A few years ago I read something about a gratitude jar. I loved the idea and started one at the 1st of January the following year. It was a big glass jar. Every evening before I went to sleep I wrote something down that I was grateful for that day.
Some days I couldn’t choose, because the day was filled with nice and good things. Other days I really had to think hard to think about one possible thing to write down. No matter what kind of day it was: I always wrote something down. It would vary from being grateful for a lovely time with a friend, seeing beautiful clouds, having a good meal, doing nice work, reading an interesting book: it could be anything.
At the end of that year I emptied my jar and read all my little papers. It felt so good to do that. The joy of having 365 little papers, 365 memories of things, situations and memories that made me grateful.
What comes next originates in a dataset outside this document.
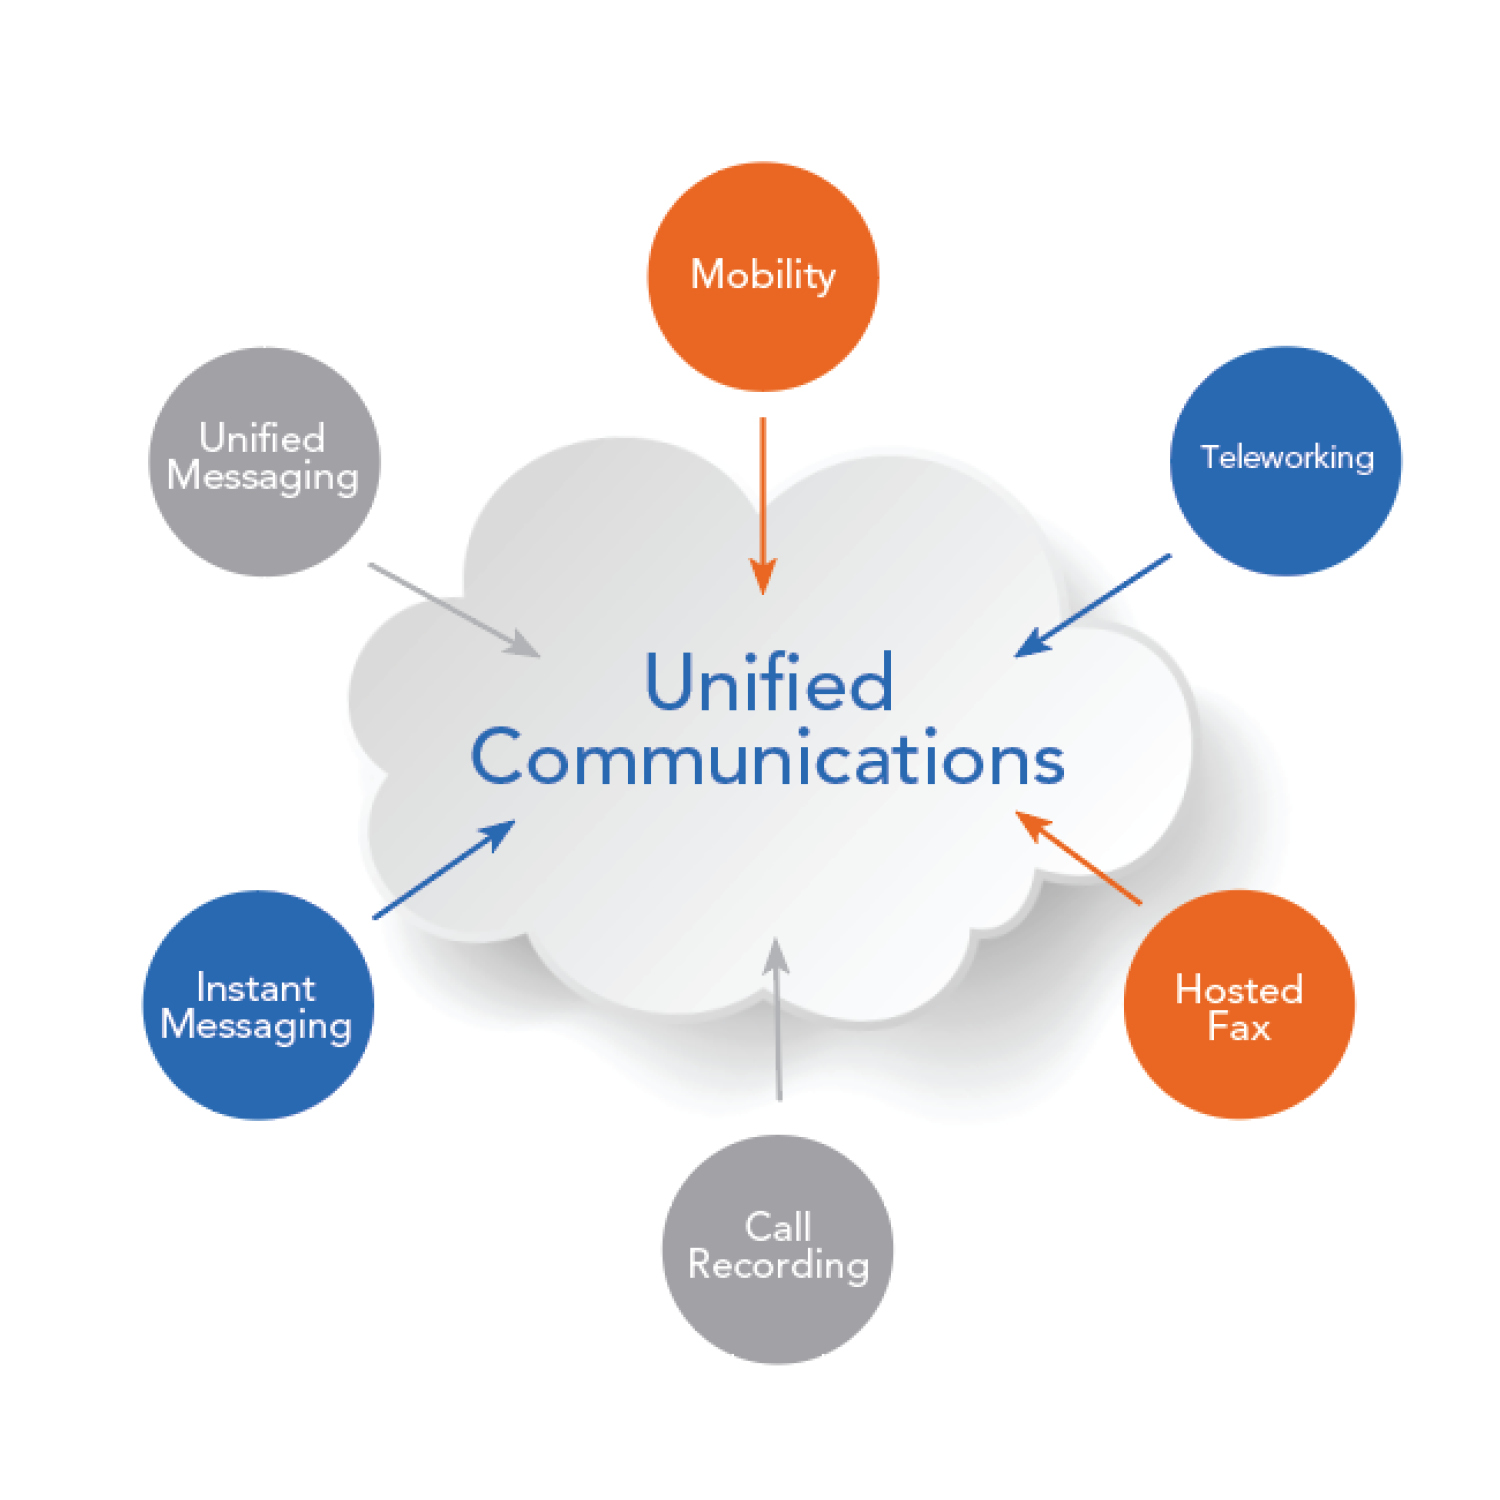 Unified Messaging, Mobility, Audio/Video Conferencing, Call Recording, Hosted Fax, Desktop Sharing, Instant Messaging, Presence, Unified Communications

A very interesting side-effect of collecting those papers in a glass jar is that I could see the jar filling up. So even looking at the jar and seeing all those papers, made me already more happy, grateful and thankful.
Another interesting side-effect was that it made me realize what really made me happy in my life. The year before I stopped my own enterprise I already noticed that I wasn’t enjoying it as much as I did the years before, because my work was hardly ever mentioned on one of my papers.
This year I emptied my jar in August, just before I left my home and was getting rid of lots of stuff, to do voluntary work for a while in Ireland. (read here how that came about). And a few months ago I missed my jar. So I took an empty jar and started again.
In a few days I will empty it and look back at my time here in Dzogchen Beara. And look forward, to who knows what kind of adventures and meetings in the next year.